Of course, he did write that whole letter to Teddy about using the bomb, so that's where overthinking yourself will get you.
Anyway, I'm not really trying to convince anybody that I'm right; people tend to hold on to their beliefs in such matters whatever cases are presented to them, and I am no great convincer. I just want people to stop worrying about me, and my supposed bruised and battered soul... these are my beliefs and I'm doing okay. Whatever I'm going through here is probably not as horrific as some imagine. Make that definately not. My few and recent soapboxy angst-ridden anti-occupation posts are just there so I can have something to write about... well, mostly. I do feel very strongly about this stuff, but I'm still sitting in my caravan, perusing the internet, eating and sleeping, and planning on having a grand old time in Thailand someday to shake the middle-east out of my skin.

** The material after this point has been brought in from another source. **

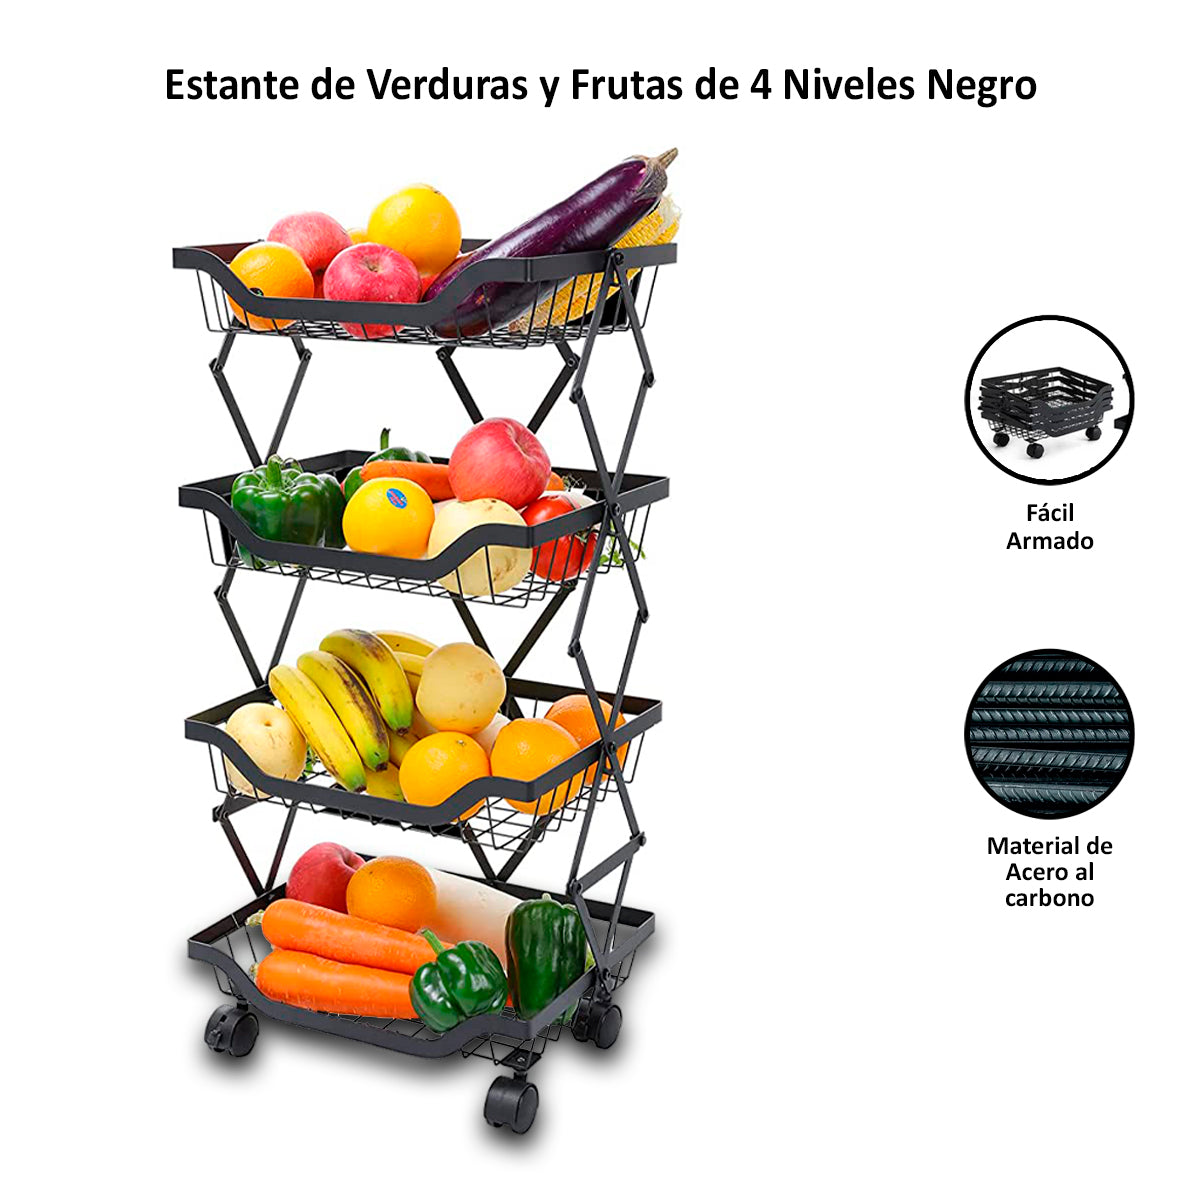 Estante de Verduras y Frutas de 4 Niveles

Well, considering I've spent the last half-hour reading other Einstein quotes on the internet, I'm going to end with one which speaks very well about the current bloody mess in the middle east, from Iraq to Gaza, to many other parts of the world even, because the odious term 'Peacekeeping Force' has always simultaneously amused and enraged me:
"Peace cannot be kept by force. It can only be achieved by understanding."
-A. frikken Einstein
He who has ears, let him hear. He who has big monkey ears and is our President, let him remove his fingers from them, as well as from various other orifices in his body.
Actually, my views on spirituality are very similar to my views of patriotism. In fact, I can even use the same phrasing, more or less. Membership in (any) religion or church does not equal love of God, and subscription to books of questionable origin does not equal a spiritual life.
God gave me two things; My brain and my conscience. That book was handed down over hundreds of years by dusty old men who had more interest in power than God... the pharisees were replaced by the priests, Hell-O! The Emperor wears no clothes. That verse in Revelations that so many preachers use as 'proof' that that book has come down to us direct and unchanged... it goes something like "And the guy that takes away from the words of this book will be slow-roasted over the Bar-B-Q pits of the 7th level of Hades, and the guy that adds to the words of this book will wish his mother never kissed his father" ... anyway, note that it doesn't say it won't be changed, just that the guy that does will be really really sorry. And one constant of the human condition is that we are used to being really really sorry. And even if it does in fact indicate that it was never altered to suit greedy old men, well that's a ludicrous thing to claim with a straight face and it is a perfect phrase to add in to keep the people docile. {Um... weapons of Mass Destruction? Bah, lie now, spin later!} And there is much evidence out there that the works included in that book are fairly arbitrary and incomplete. All those annoying apocrypha that keep coming to light... who do you think chose the ones we are left with and buried the stuff they didn't like in clay jars out in the desert somewhere? The "Muscles" Marinara of the early Vatican "family", that's what!
Anyway, again, not trying to convince. I just figure that if God didn't want people to use rational thought, he wouldn't have given them minds, and if he wanted people to follow blindly the man at the pulpit, or more to the point, accepting the hand-me-down from the Papacy which was around centuries before any other sect got it hands on that book along with interpretive skills, he wouldn't have given them the ability to make his own moral decisions.